*Problem details*:
Reproduce only the lines of the material below that start at the line containing "Aalst, Belgien. 3." and stop at the line containing "Spalding basketball court / basketball hoop". Keep both end lines.

*The data*:

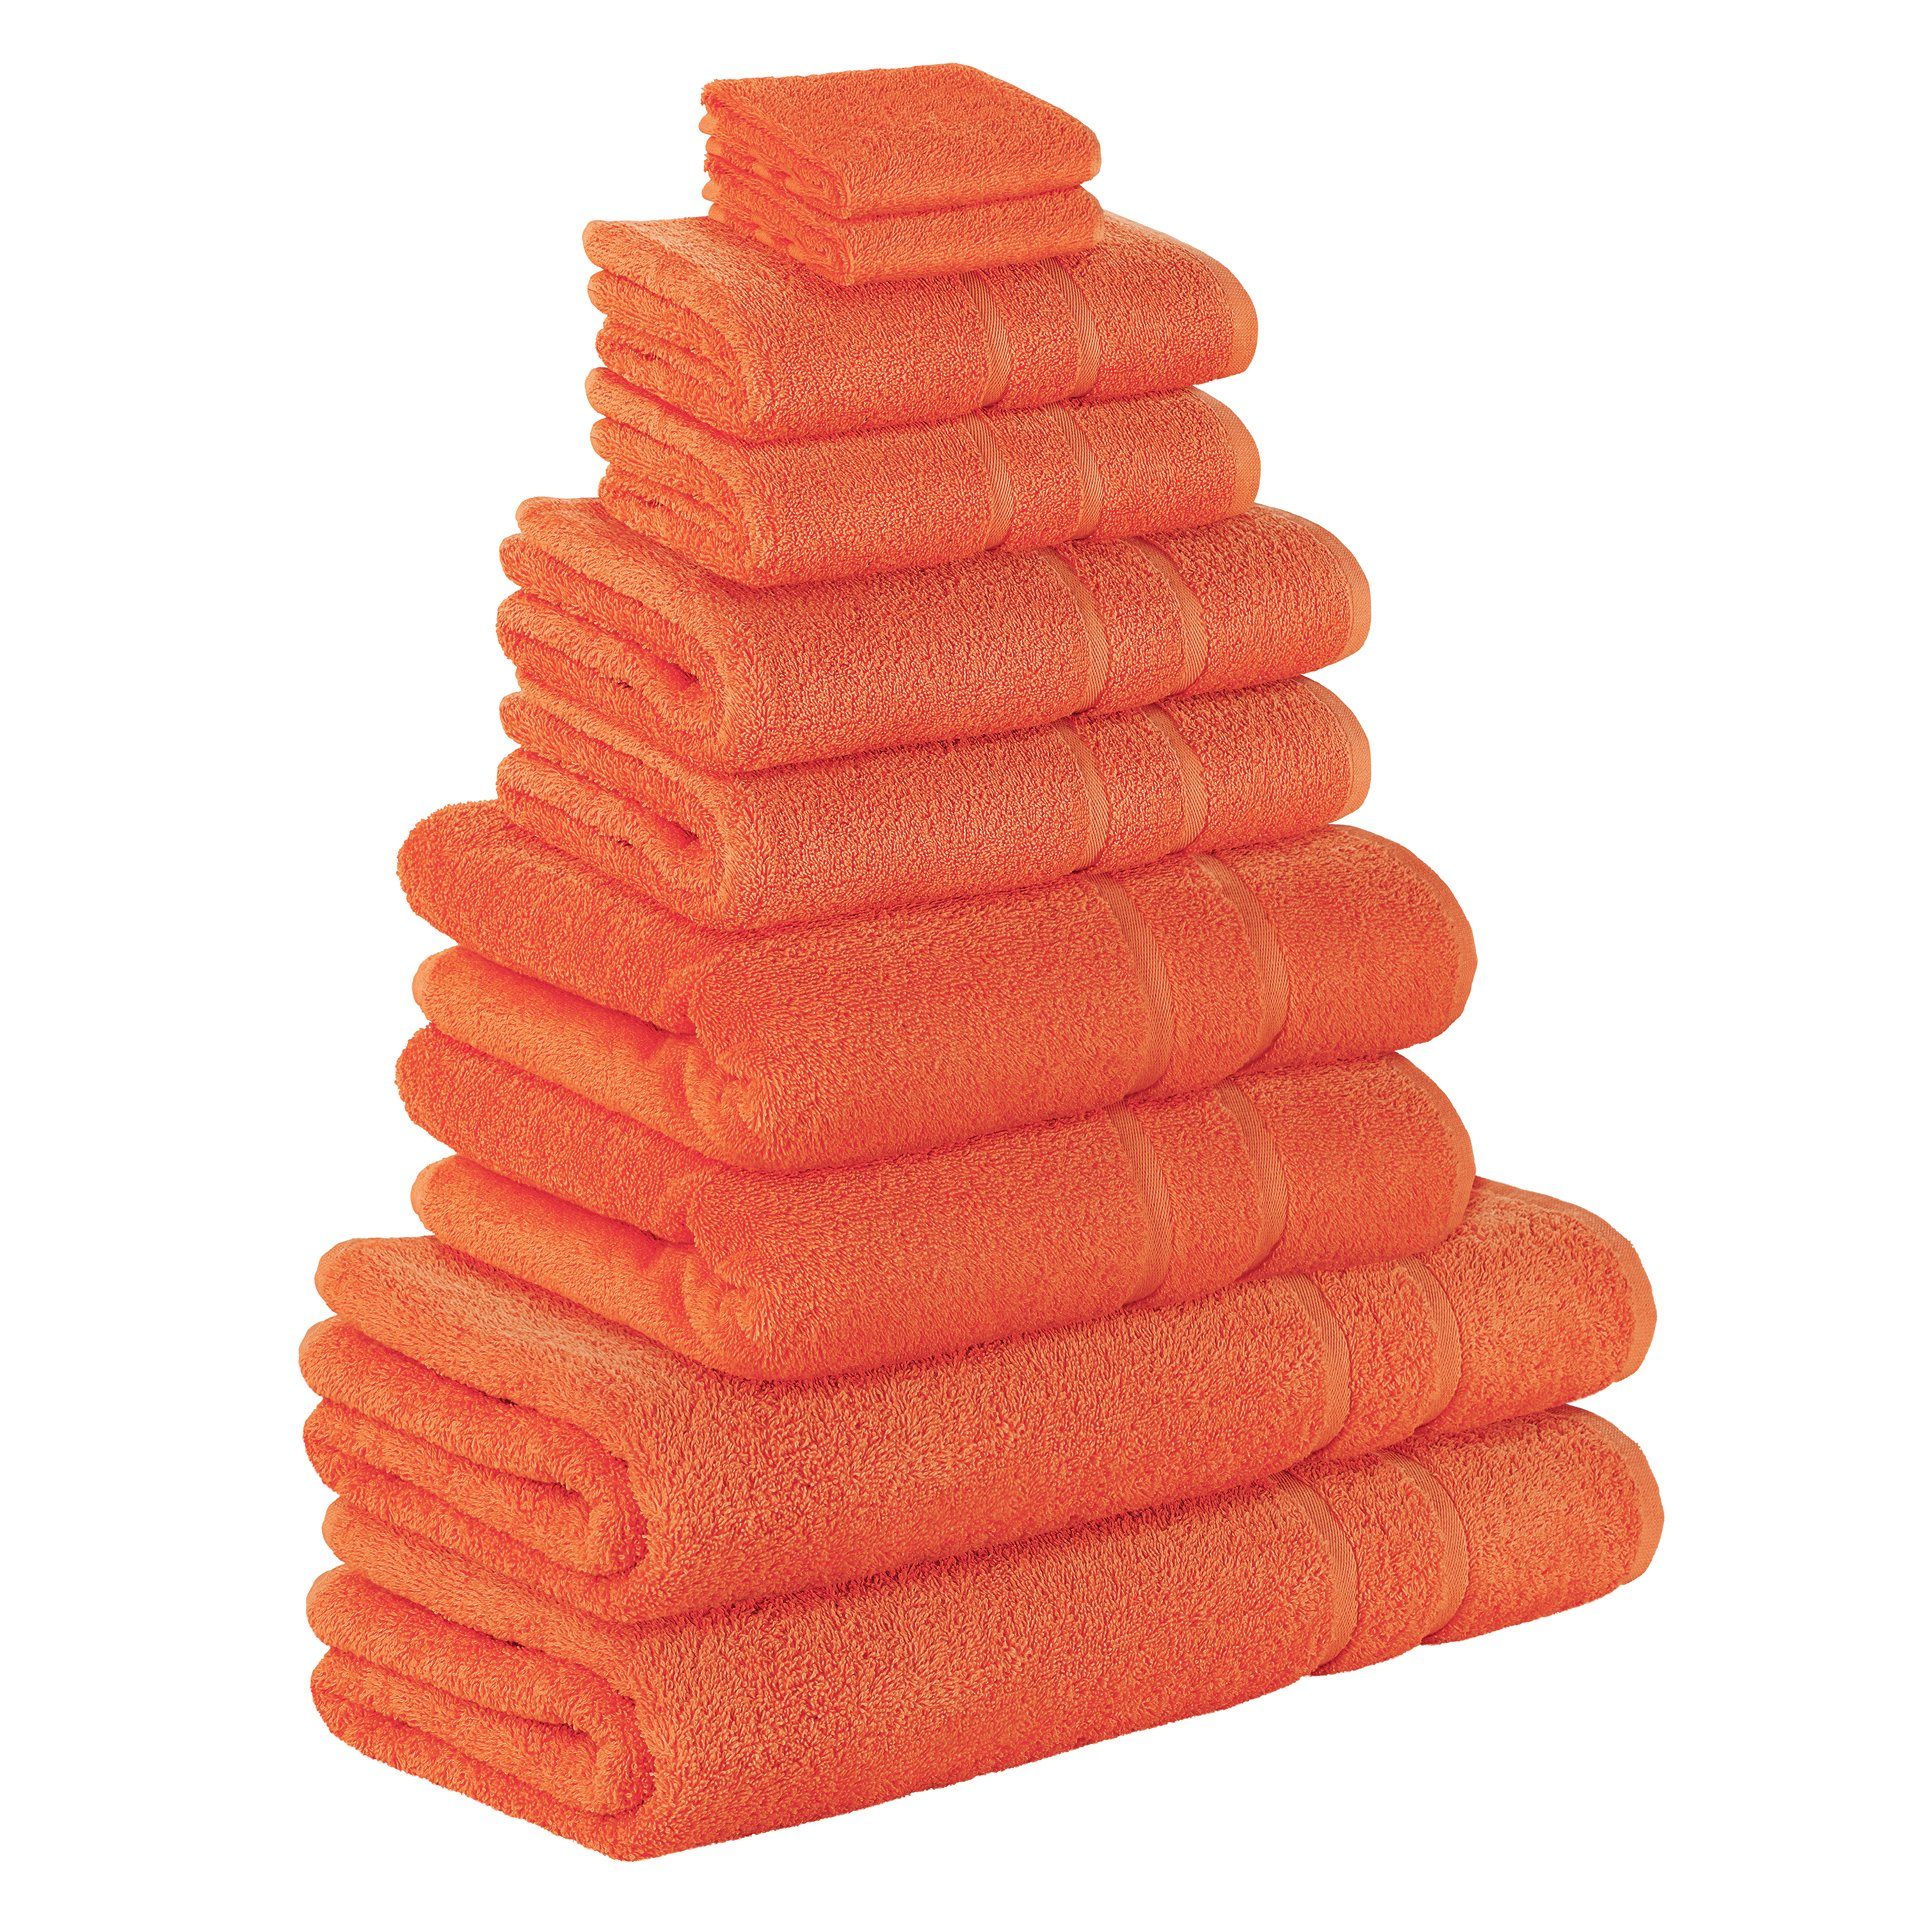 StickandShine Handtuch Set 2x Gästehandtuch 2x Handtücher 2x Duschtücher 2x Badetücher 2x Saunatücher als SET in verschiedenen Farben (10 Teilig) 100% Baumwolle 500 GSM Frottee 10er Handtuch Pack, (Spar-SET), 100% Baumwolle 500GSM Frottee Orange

==

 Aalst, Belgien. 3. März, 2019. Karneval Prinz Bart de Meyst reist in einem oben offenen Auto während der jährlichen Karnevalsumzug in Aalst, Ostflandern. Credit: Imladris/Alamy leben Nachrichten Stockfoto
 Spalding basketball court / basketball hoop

*Exercise response*:
 Aalst, Belgien. 3. März, 2019. Karneval Prinz Bart de Meyst reist in einem oben offenen Auto während der jährlichen Karnevalsumzug in Aalst, Ostflandern. Credit: Imladris/Alamy leben Nachrichten Stockfoto
 Spalding basketball court / basketball hoop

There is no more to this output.